Surprisingly, I was very nervous. Especially after a year and a half of not seeing many people and then suddenly playing to our biggest crowds. I’m not someone that’s typically had too much performance anxiety, but for the first time, I think I had to really grapple with that this year I don’t know if it’s partially because of the pandemic. But, probably both because of the coming of the pandemic and also just the hitting the level that we are now — I never anticipated.

Even in my wildest teenage dreams. I never thought we would be on a [tour] bus. I never thought we’d be playing to thousands of people overnight. It’s surpassed everything I thought for myself. I think that there’s this constant pressure of just like how do I take advantage of where I’m at right now?


Japanese Breakfast
(Credit: Vans)


It seems like you’re taking every all the positiveness of this demand that people want to see you and taking it as the positive thing it should be instead of the anxiety could be if that makes sense.
It’s a double-edged sword. I think in some ways, that kind of nervousness keeps you on your toes. It keeps you pushing yourself, and it makes it so you’re never taking anything for granted. It’s also like, be so nervous all the time about doing your best.

Like, getting my voice back into shape, getting my playing back into shape playing piano live for the first time. And the band has gotten so good. We’ve added some really amazing players that make you want to make you realize that I’ve really got to up my game here.

What has been the most cathartic thing about performing this year?
Oh, God, like all of it. I know it’s a boring answer. I just miss the heartbeat of the band and crew. Watching everyone have their individualized tasks, and it all coming together to accomplish something huge every single night. Of course, seeing the kids and having songs that you wrote some back to you and yeah, just getting to do it all.

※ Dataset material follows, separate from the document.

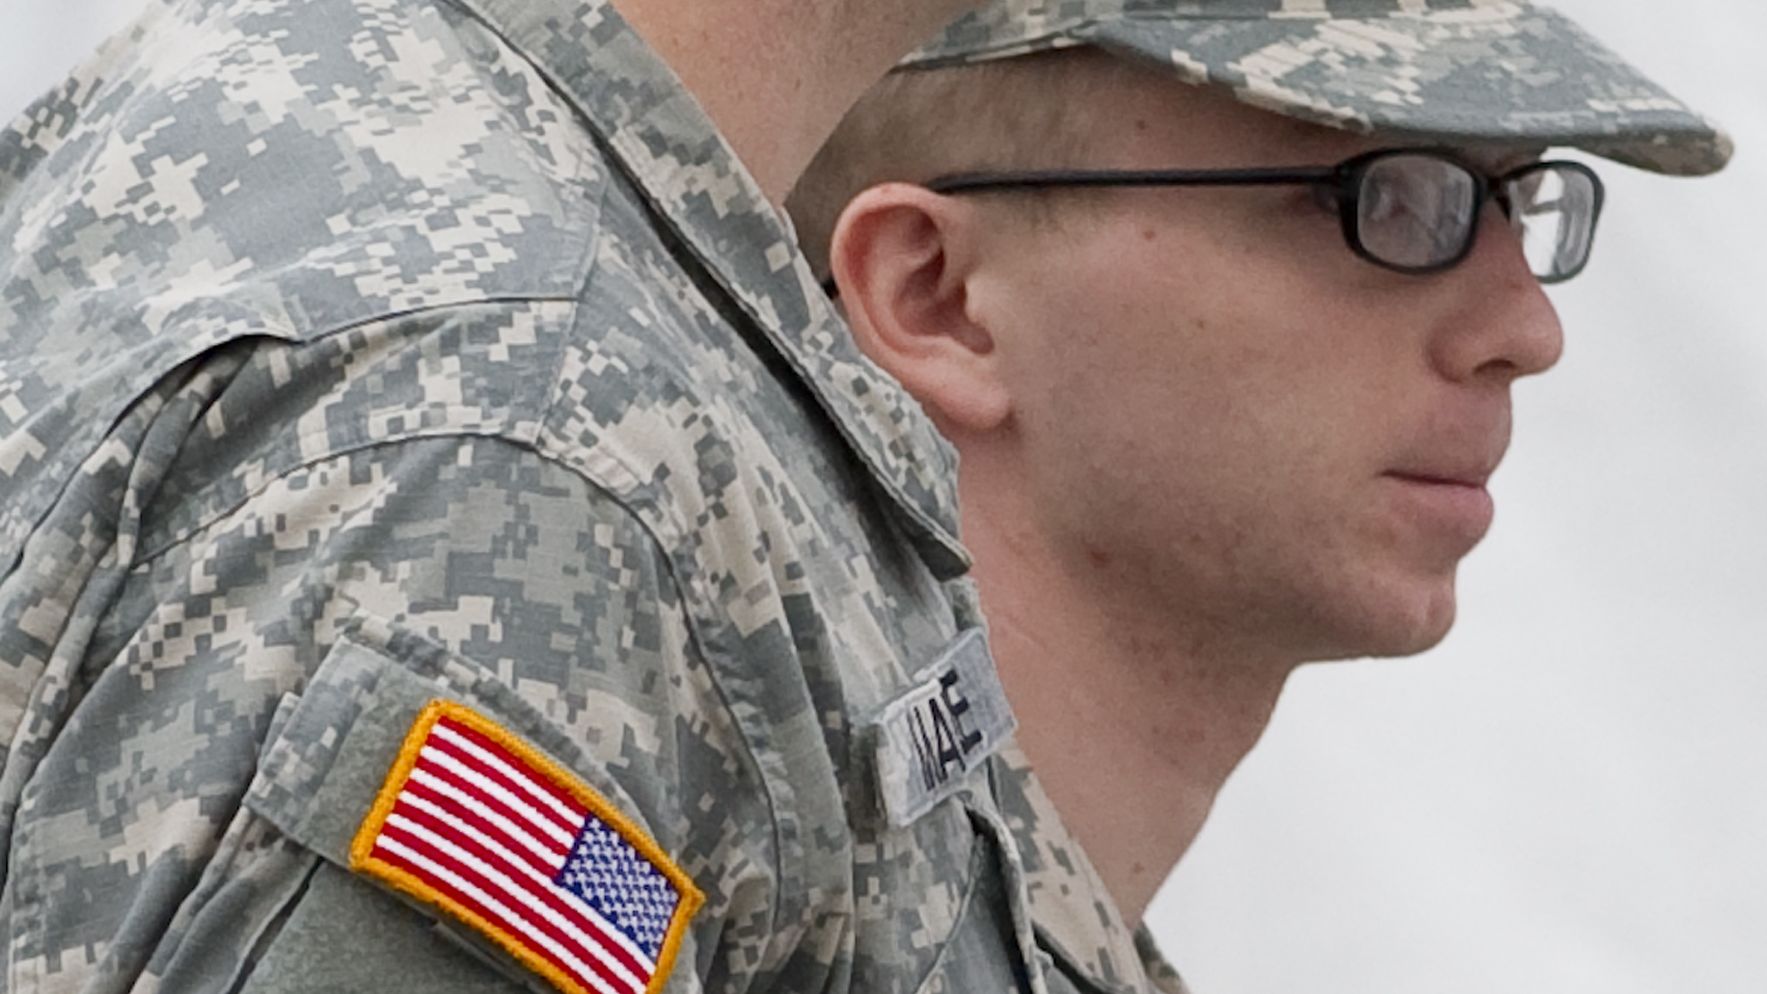 Pfc. Bradley Manning faces 22 charges after being accused of distributing hundreds of thousands of secret government documents to WikiLeaks.

What about the Grammy nomination?
I was definitely caught off guard. It felt like a one in a 1,000 kind of chance. I definitely felt like a dark horse.

Are you going to the ceremony?
Oh fuck yeah. At this point, I’m in such good company if I lose it. But yeah, I’m excited to go and it’s such an honor.

What was one of your favorite activities of 2021 that people may or may not know about you?
I got really into online chess.

How did you fall into that?
I started going to chess clubs when I was in fourth grade. From fourth grade to seventh grade, I was in chess club. Then I was a preteen and lost interest and wanted to have a social life. then, of course, in 2020, when Queen’s Gambit came on, I was reminded of my love for that game. At this point, all of my interests and passions have transferred into jobs. So chess is kind of this nice thing that I have no real aspiration for. It’s just a frivolous thing I can enjoy.